Cinema, arte, musica nel cinema, contaminazione tra pittura e poesia ed artisti in particolare (presentati anche in cataloghi di mostre): Rita Vitali Rosati, Mafai, Scipione pittore e poeta, Guttuso e Vittorini, Renzo Vespignani, la “scoperta” del disegnatore e caricaturista Ivo Pannaggi, fino ad allora (1980) noto come scrittore e giornalista. (E non sempre in tutta la sua vastità: per esempio, qualche anno fa sono stati tradotti in norvegese – per una mostra tenutasi lassù – i suoi réportages sulla Lapponia, di una modernità stupefacente, per avere, da ottimo giornalista, lasciato parlare i fatti e le cose. Nell’arte di Pannaggi, Pagnanelli indaga proprio l’essenzialità intrinseca, non la sovrapposizione dell’artista).
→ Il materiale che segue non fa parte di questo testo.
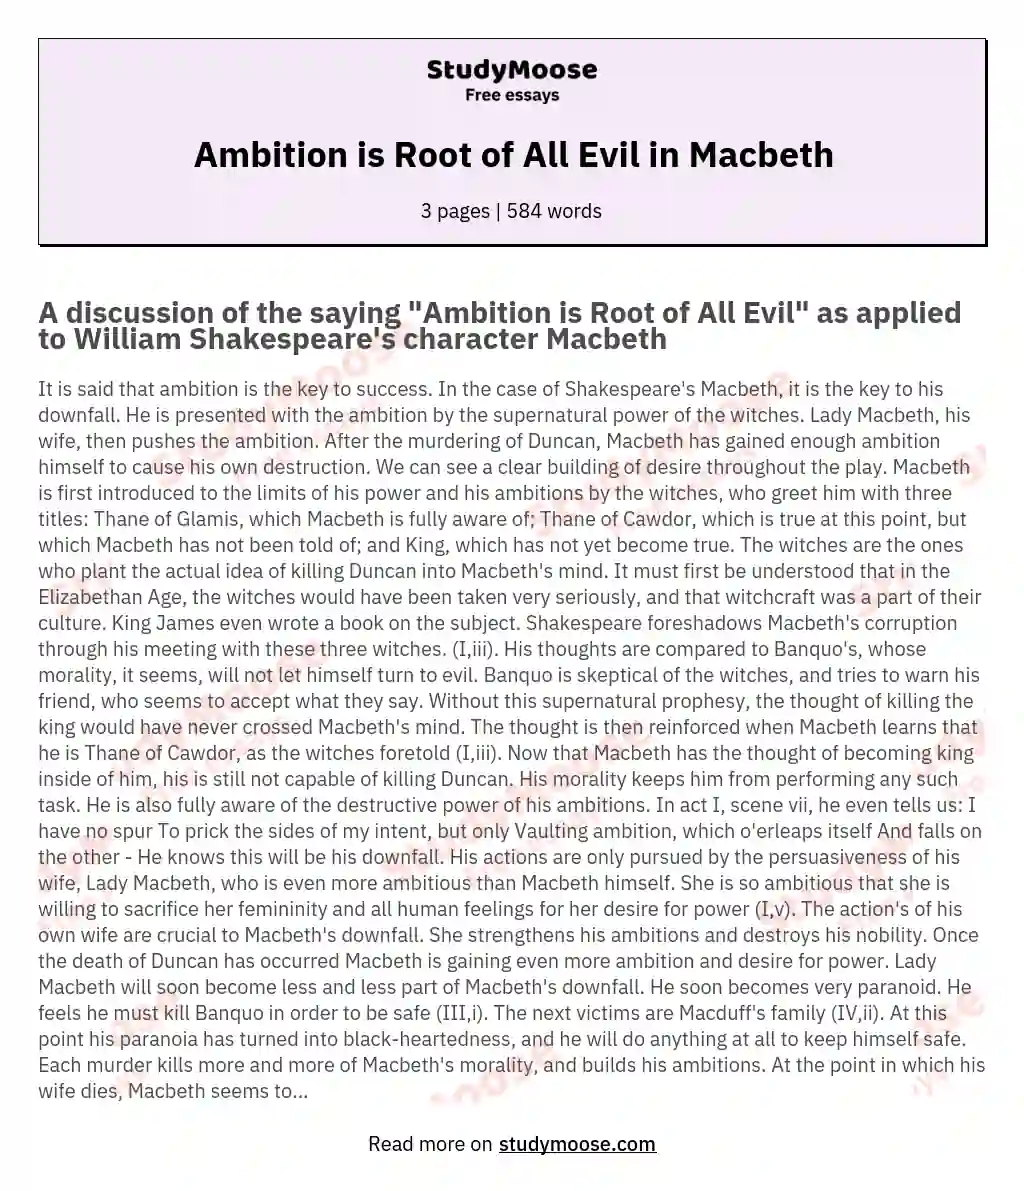 Ambition is Root of All Evil in Macbeth essay

Se, come il parziale mio elenco mostra, gli scritti sull’arte nascono da una occasione di studio e di pubblicazione (in rivista,in catalogo), un filo ben saldo li lega insieme.

Intanto per l’affidarsi di Remo Pagnanelli ad una salda struttura logico-argomentativa poggiante sia sui suoi studi classici versati nella contemporaneità critica di quegli anni (appunto: ottanta del novecento) ma senza l’immersione totale, mantenendo cioè anche rispetto alla semiotica o allo strutturalismo l’autonomia del giudizio e il percorso di un’indagine tutta personale. La quale era inoltre attratta, probabilmente per la soggettiva esperienza analitica, dalle coordinate freudiane e, successivamente, lacaniane.

Se talora la lettura condotta dal poeta maceratese lascia un più di densità teorica in alcuni saggi, in altri – soprattutto in quelli di immediato riscontro: Scipione, Mafai, Pannaggi, Vitali Rosati – essa coglie particolari risvolti nella figura pittorica e li coglie e li restituisce con una sensibilità non negata e nemmeno compressa. Tanto che sembra di sentire in queste pagine l’eco dei versi in cui Pagnanelli si lascia vivere non costringendosi al palo delle urgenze negate, delle necessità umane esplicitate.

Con gli Scritti sull’Arte sono venuti alla luce tutti gli scritti, per così dire, sostanziosi di Remo: nel 1991 sono stati pubblicati, a cura di Daniela Marcheschi, gli Scritti critici (Mursia); nel 1997, la raffinata Via del Vento ha edito il racconto Prime scene da manuale (per la cura di Marcheschi); nel 2000 sono uscite Le poesie (sempre a cura di Marcheschi). Restano fuori solo le recensioni brevi, quelle che testimoniano l’attenzione anche verso gli emergenti, i nuovi, i non vocianti., la generosità verso i giovani.

Una eredità notevole quella di Remo Pagnanelli, non isolabile e non ferma ai suoi anni, merita approfondimenti. Gli atti del convegno tenutosi a Macerata il 19 ottobre 2007 saranno un punto di arrivo (rispetto agli interventi seguiti alla sua morte e dopo) ed una base per ulteriori studi, che si possono avvalere anche delle carte diverse e della corrispondenza donata dai famigliari al Gabinetto Vieussieux.